Cognitive dissonance can undermine marriage (and marriage therapy) in sneaky ways, even when you are successful at getting what you want, namely, change in the other person. If you do get what you want by changing your partner, your own self-concept is reduced to:

"I am loving, compassionate, supportive, etc. . .
as long as you do what I want."

Do you really want this on your tombstone?:
"As long as I got what I wanted,
I was great to the people I love.”

The irony is that the last thing you need is an externally regulated self concept, i.e., one determined not by your own behavior but by
what your partner does for you.
Externally regulated, your sense of self becomes totally dependent on your partner, not just for consistently doing what you want but for doing it with love and joy in his/her heart, since resentful submission is far from satisfying. Externally regulated, self-concept needs more and more validation, if not submission, from the partner to stay afloat. This sends satisfaction on a downward spiral as it necessarily destabilizes both the sense
of self and the relationship.

Successful relationships are not about getting your partner to do what you want; it's about being who you are, i.e., behaving according to your deepest values. For most people, this means being loving and compassionate to the people they love.

Happily, you have the best chance of getting your partner to do what you want by being who you are.
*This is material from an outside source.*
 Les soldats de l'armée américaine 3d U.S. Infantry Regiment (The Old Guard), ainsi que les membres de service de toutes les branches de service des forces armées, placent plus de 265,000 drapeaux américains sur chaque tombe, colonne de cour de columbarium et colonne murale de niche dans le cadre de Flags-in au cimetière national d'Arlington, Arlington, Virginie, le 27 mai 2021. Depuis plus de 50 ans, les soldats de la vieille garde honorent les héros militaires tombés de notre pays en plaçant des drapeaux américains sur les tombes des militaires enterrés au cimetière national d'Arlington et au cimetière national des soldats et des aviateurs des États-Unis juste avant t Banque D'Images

Consider the effects of positive reciprocity and negative reactivity [within a relationship – rbd]. Which of the following is more likely to inspire cooperation?
1. Approaching your spouse/partner as your authentic, loving and
   compassionate self.
2. Approaching your spouse/partner with entitlement and demands
   (even if couched in the rehearsed language of "behavior requests")?

Marriage (and marriage therapy) run into a brick wall of cognitive dissonance when they focus on "getting your needs met," or "getting the love you want." They are more likely to have lasting success with a focus on each of you being the partner you most want to be.